= ASSIGNMENT =
From first entry to last, give the listing again verbatim.

= PROVIDED DATA =
====

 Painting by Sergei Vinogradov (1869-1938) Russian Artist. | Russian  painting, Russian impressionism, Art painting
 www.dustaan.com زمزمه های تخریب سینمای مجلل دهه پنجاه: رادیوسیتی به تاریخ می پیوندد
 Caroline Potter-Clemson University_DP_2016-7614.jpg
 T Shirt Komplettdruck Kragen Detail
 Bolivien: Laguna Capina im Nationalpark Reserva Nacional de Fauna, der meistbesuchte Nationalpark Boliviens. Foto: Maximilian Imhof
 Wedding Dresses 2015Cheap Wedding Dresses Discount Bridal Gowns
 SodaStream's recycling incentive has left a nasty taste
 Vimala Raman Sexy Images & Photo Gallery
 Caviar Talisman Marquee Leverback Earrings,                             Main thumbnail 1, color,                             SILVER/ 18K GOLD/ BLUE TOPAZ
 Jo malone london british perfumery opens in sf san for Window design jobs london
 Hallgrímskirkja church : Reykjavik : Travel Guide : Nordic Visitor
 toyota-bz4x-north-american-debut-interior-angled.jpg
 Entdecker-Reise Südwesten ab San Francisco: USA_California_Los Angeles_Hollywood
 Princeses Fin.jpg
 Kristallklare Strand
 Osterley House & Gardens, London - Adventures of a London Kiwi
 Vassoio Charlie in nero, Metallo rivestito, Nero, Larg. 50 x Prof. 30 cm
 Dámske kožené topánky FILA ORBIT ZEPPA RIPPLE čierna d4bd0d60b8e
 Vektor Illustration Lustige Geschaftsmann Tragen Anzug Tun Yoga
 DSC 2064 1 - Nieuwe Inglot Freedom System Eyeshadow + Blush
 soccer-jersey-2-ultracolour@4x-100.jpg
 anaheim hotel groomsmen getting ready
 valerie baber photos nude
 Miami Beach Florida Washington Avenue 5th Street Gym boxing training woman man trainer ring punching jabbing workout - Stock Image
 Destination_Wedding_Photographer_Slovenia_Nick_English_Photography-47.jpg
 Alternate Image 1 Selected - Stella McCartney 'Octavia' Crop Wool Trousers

====

= ANSWER BELOW =
 Painting by Sergei Vinogradov (1869-1938) Russian Artist. | Russian  painting, Russian impressionism, Art painting
 www.dustaan.com زمزمه های تخریب سینمای مجلل دهه پنجاه: رادیوسیتی به تاریخ می پیوندد
 Caroline Potter-Clemson University_DP_2016-7614.jpg
 T Shirt Komplettdruck Kragen Detail
 Bolivien: Laguna Capina im Nationalpark Reserva Nacional de Fauna, der meistbesuchte Nationalpark Boliviens. Foto: Maximilian Imhof
 Wedding Dresses 2015Cheap Wedding Dresses Discount Bridal Gowns
 SodaStream's recycling incentive has left a nasty taste
 Vimala Raman Sexy Images & Photo Gallery
 Caviar Talisman Marquee Leverback Earrings,                             Main thumbnail 1, color,                             SILVER/ 18K GOLD/ BLUE TOPAZ
 Jo malone london british perfumery opens in sf san for Window design jobs london
 Hallgrímskirkja church : Reykjavik : Travel Guide : Nordic Visitor
 toyota-bz4x-north-american-debut-interior-angled.jpg
 Entdecker-Reise Südwesten ab San Francisco: USA_California_Los Angeles_Hollywood
 Princeses Fin.jpg
 Kristallklare Strand
 Osterley House & Gardens, London - Adventures of a London Kiwi
 Vassoio Charlie in nero, Metallo rivestito, Nero, Larg. 50 x Prof. 30 cm
 Dámske kožené topánky FILA ORBIT ZEPPA RIPPLE čierna d4bd0d60b8e
 Vektor Illustration Lustige Geschaftsmann Tragen Anzug Tun Yoga
 DSC 2064 1 - Nieuwe Inglot Freedom System Eyeshadow + Blush
 soccer-jersey-2-ultracolour@4x-100.jpg
 anaheim hotel groomsmen getting ready
 valerie baber photos nude
 Miami Beach Florida Washington Avenue 5th Street Gym boxing training woman man trainer ring punching jabbing workout - Stock Image
 Destination_Wedding_Photographer_Slovenia_Nick_English_Photography-47.jpg
 Alternate Image 1 Selected - Stella McCartney 'Octavia' Crop Wool Trousers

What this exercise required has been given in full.